* _Exercise objective_
In the entries that follow, the lines from the line containing "Various possible corrections" up to and including the line containing "Snow sampling brings" must be copied exactly, with pictures omitted.

* _Task data_
_ _ _
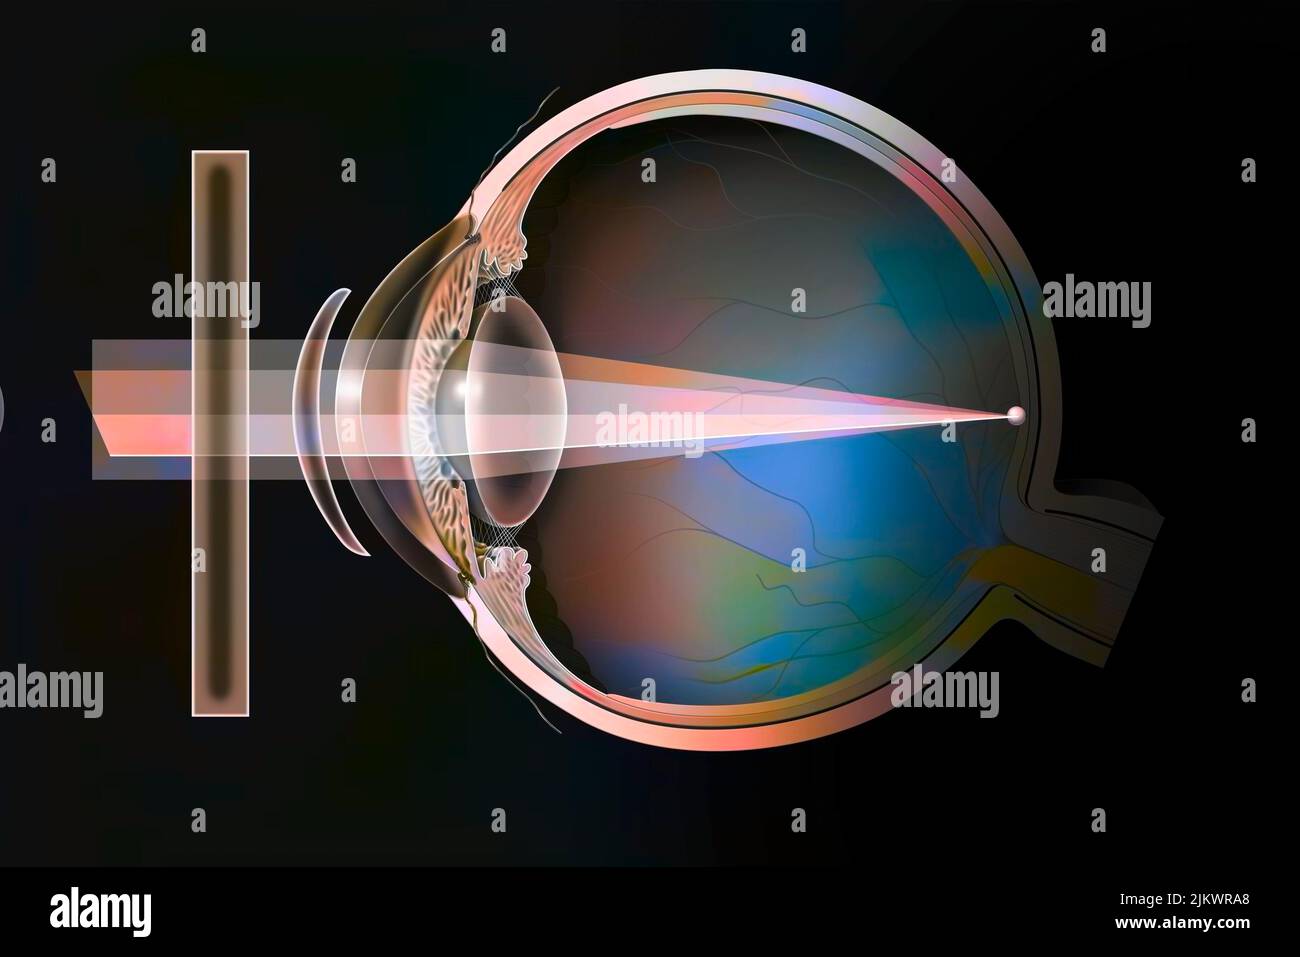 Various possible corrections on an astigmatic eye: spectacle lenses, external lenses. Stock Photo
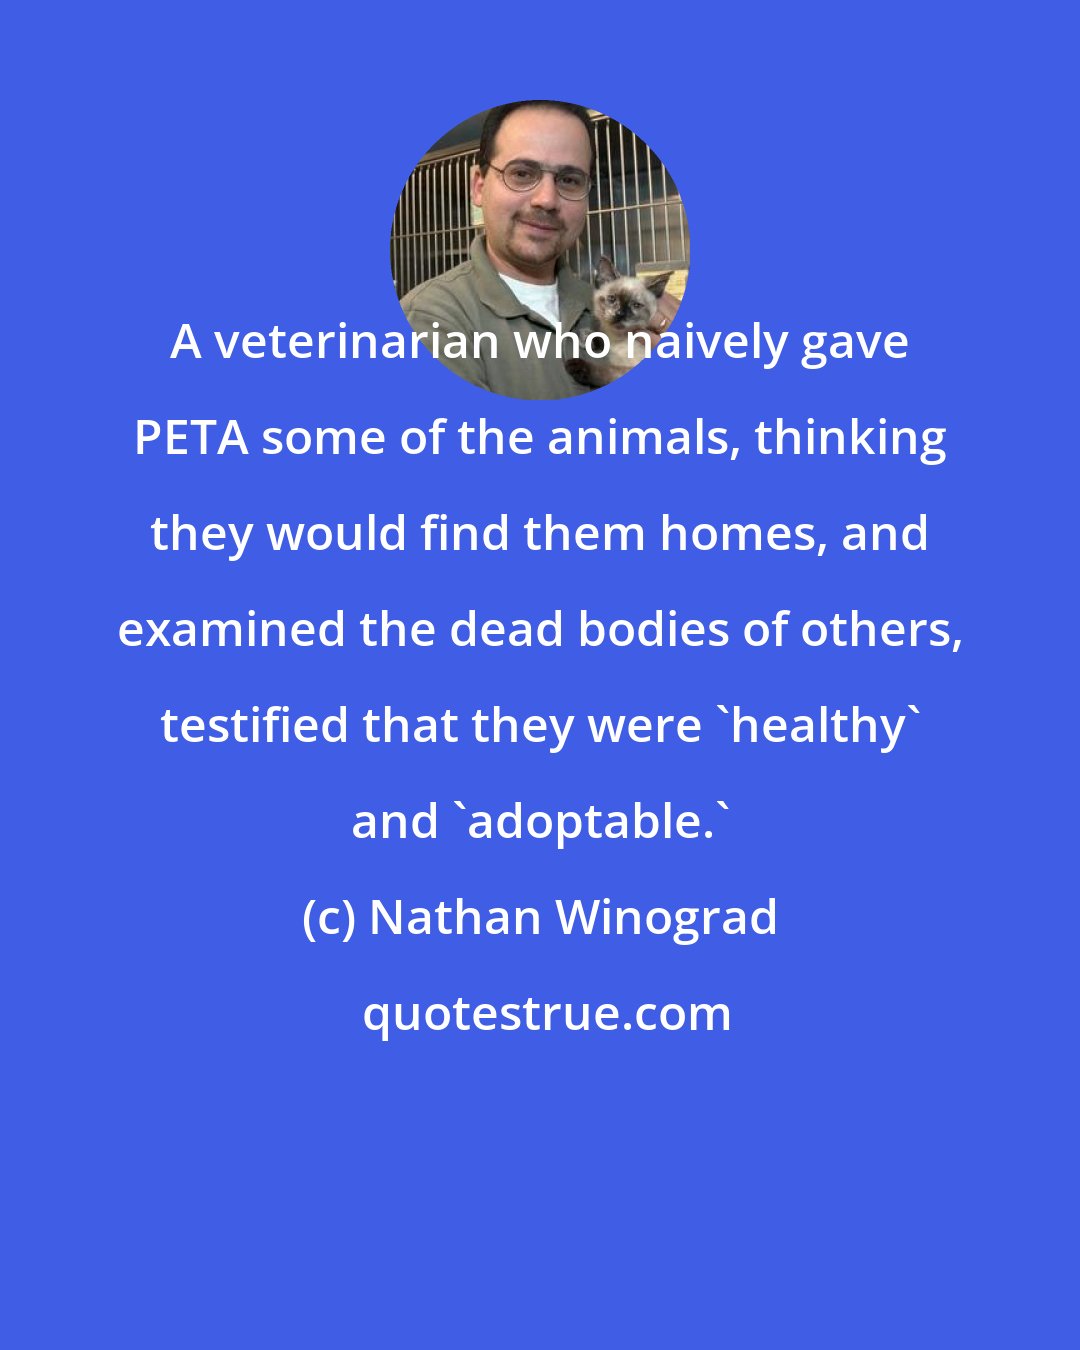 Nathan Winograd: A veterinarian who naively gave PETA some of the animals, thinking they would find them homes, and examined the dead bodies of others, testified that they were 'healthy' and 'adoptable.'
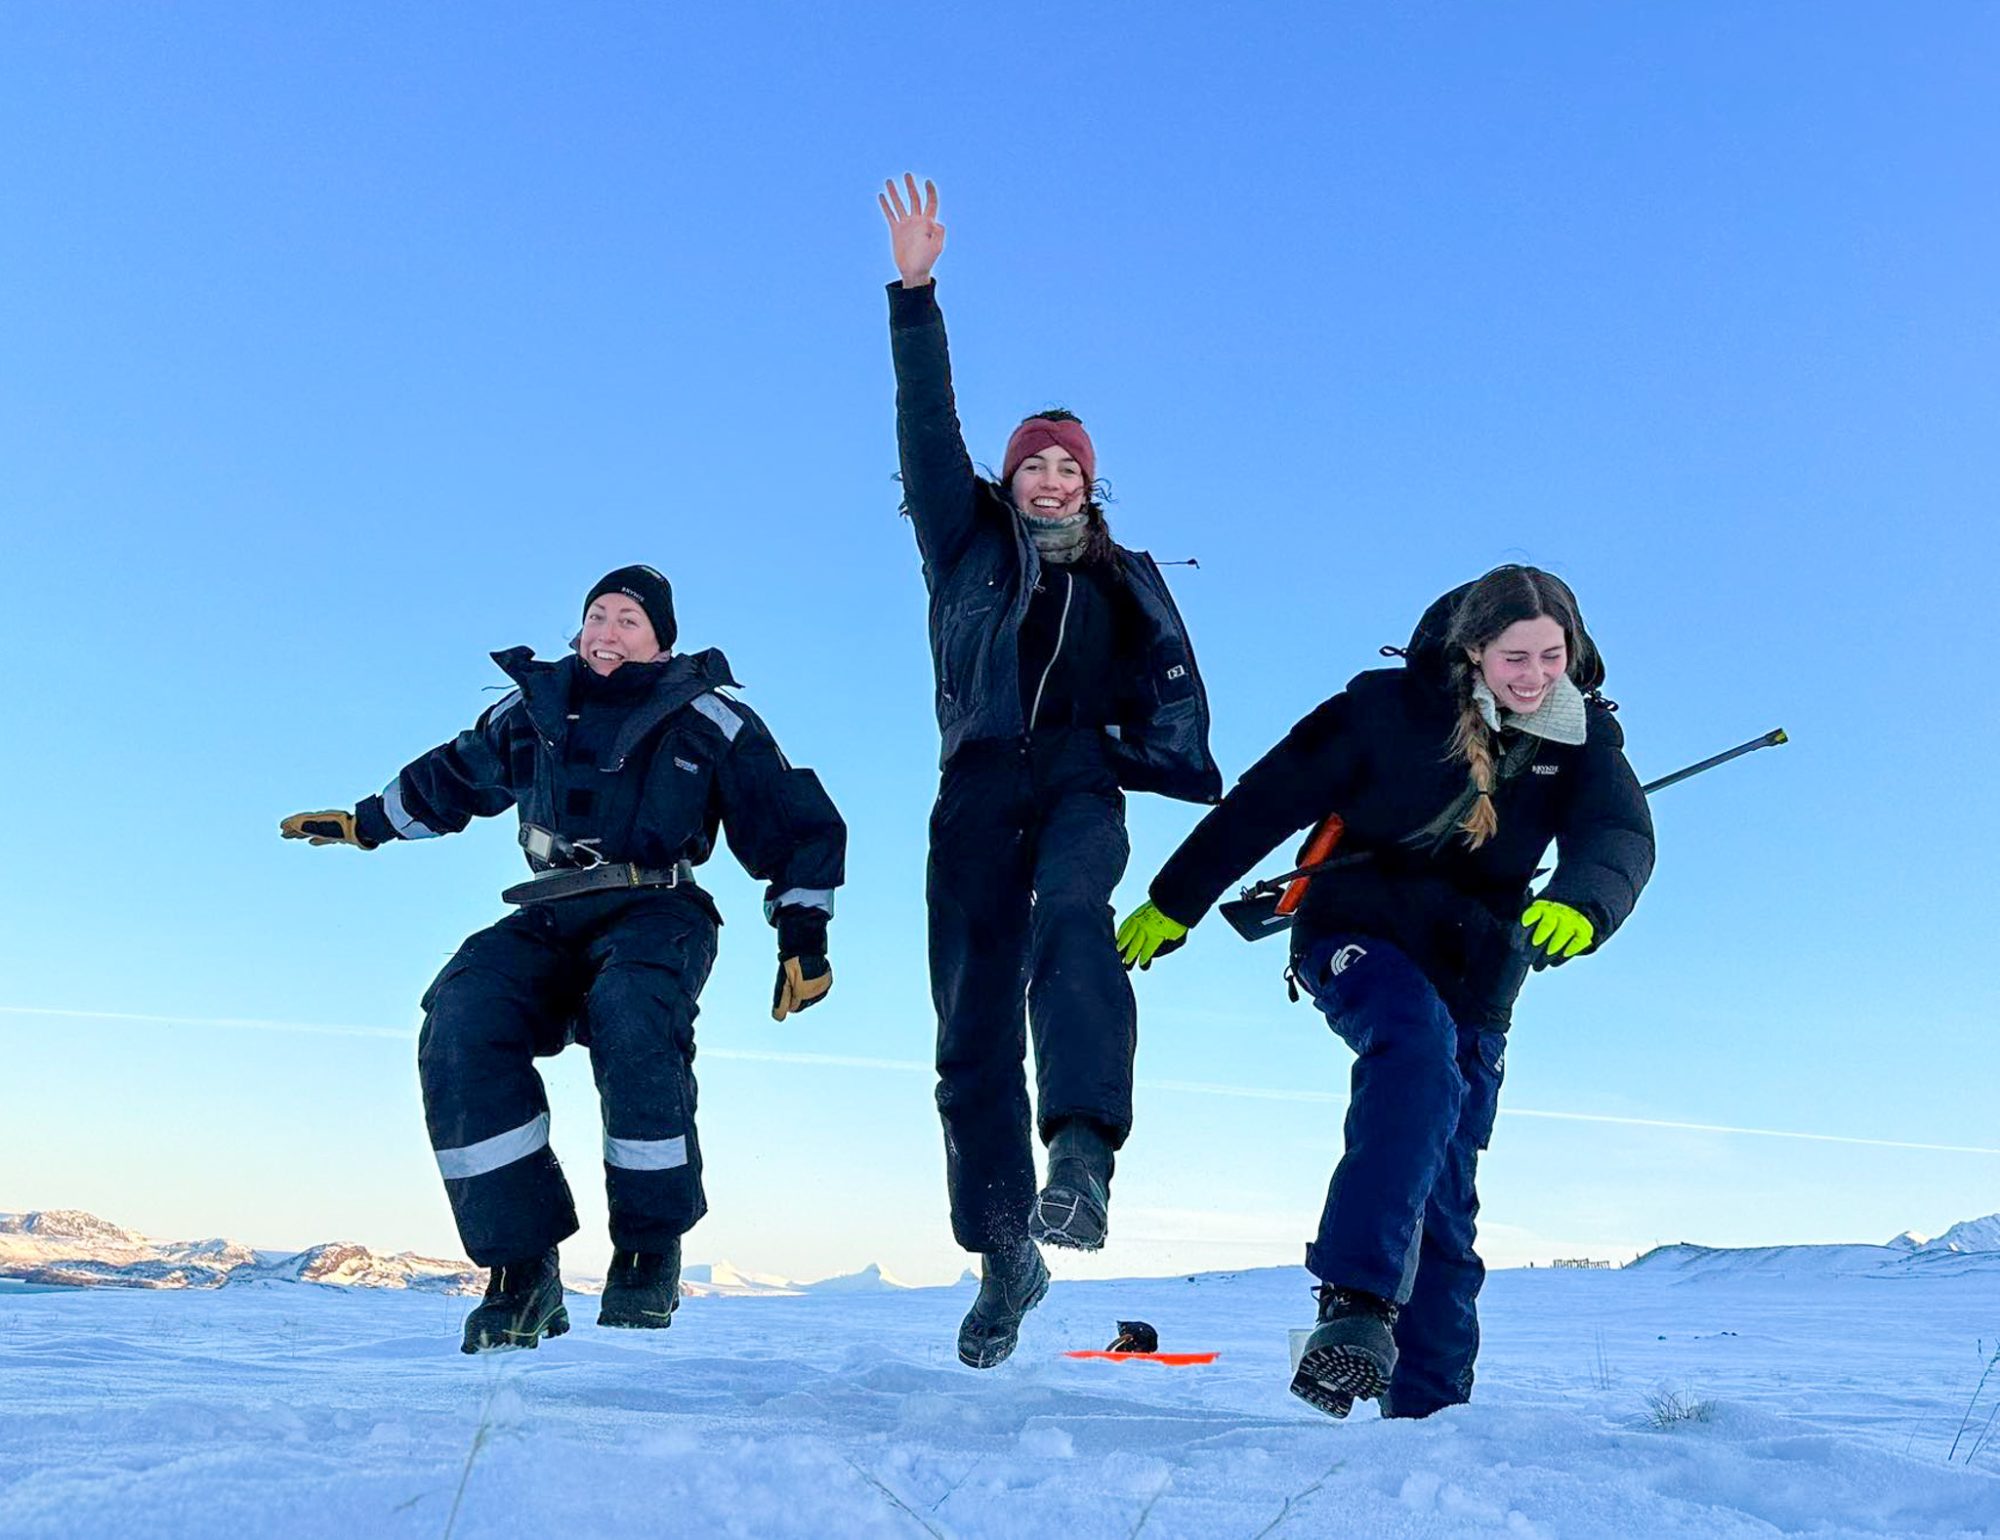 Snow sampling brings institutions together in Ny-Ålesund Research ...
_ _ _
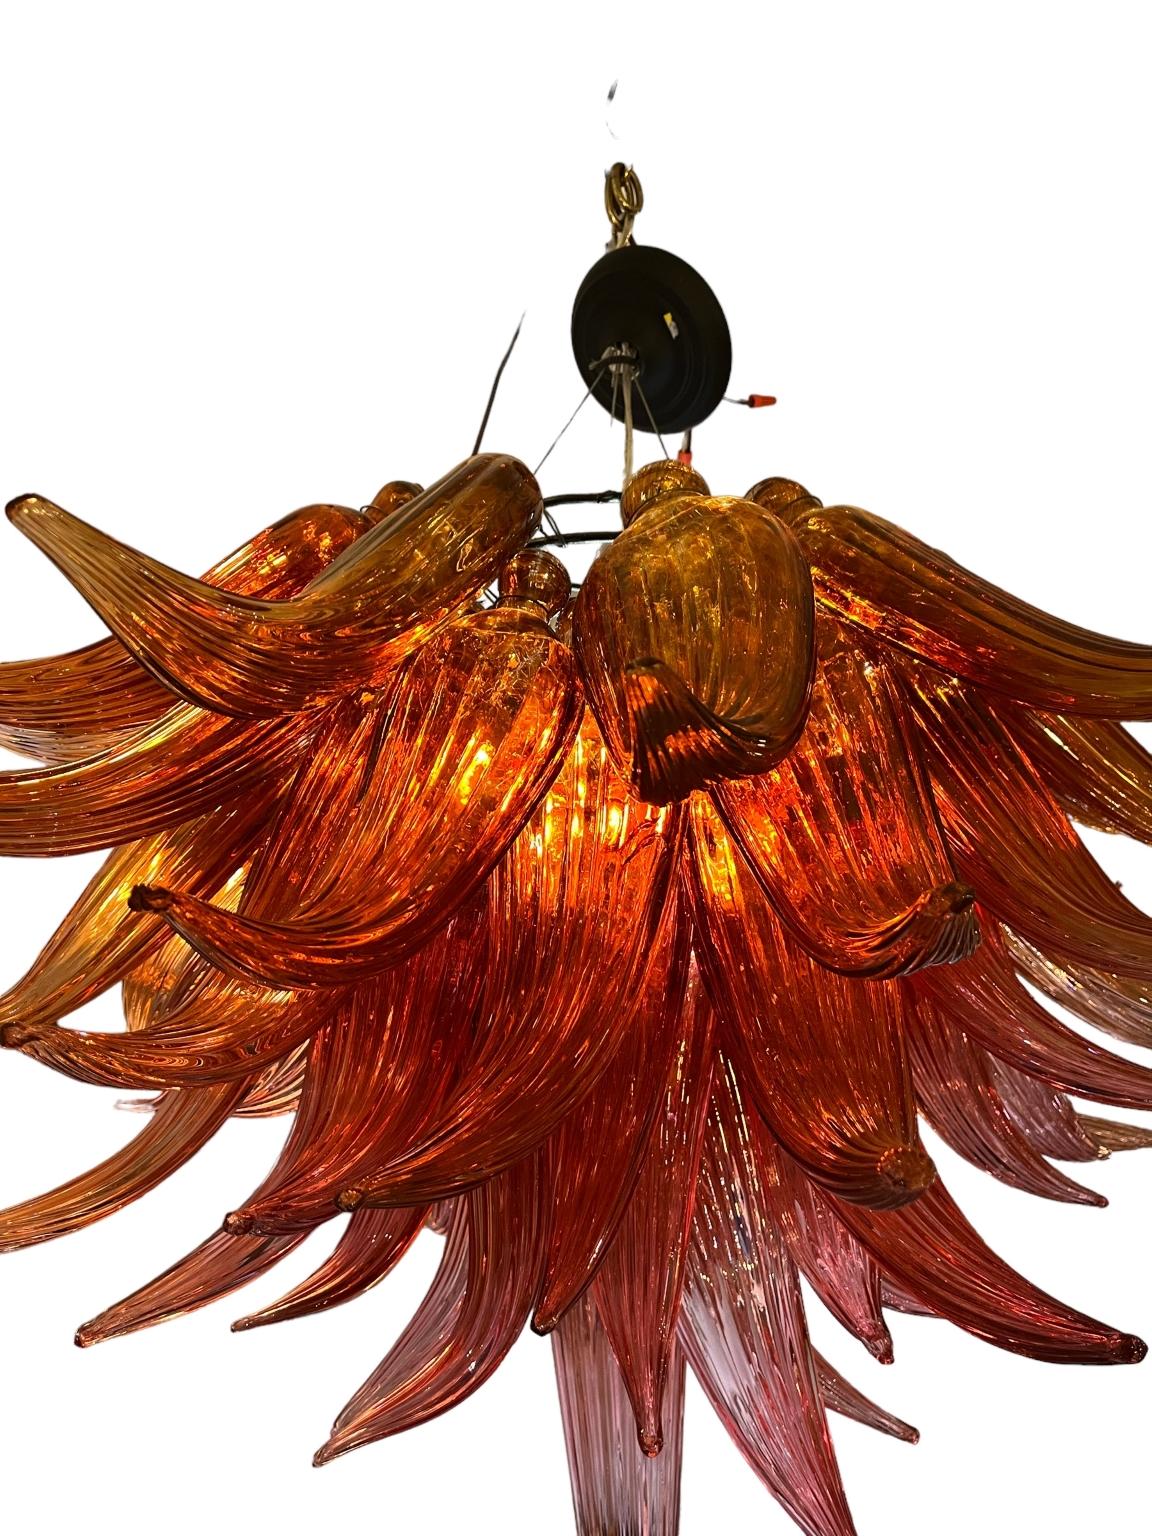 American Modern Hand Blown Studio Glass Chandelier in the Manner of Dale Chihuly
_ _ _
* _Answer box_
 Various possible corrections on an astigmatic eye: spectacle lenses, external lenses. Stock Photo
 Nathan Winograd: A veterinarian who naively gave PETA some of the animals, thinking they would find them homes, and examined the dead bodies of others, testified that they were 'healthy' and 'adoptable.'
 Snow sampling brings institutions together in Ny-Ålesund Research ...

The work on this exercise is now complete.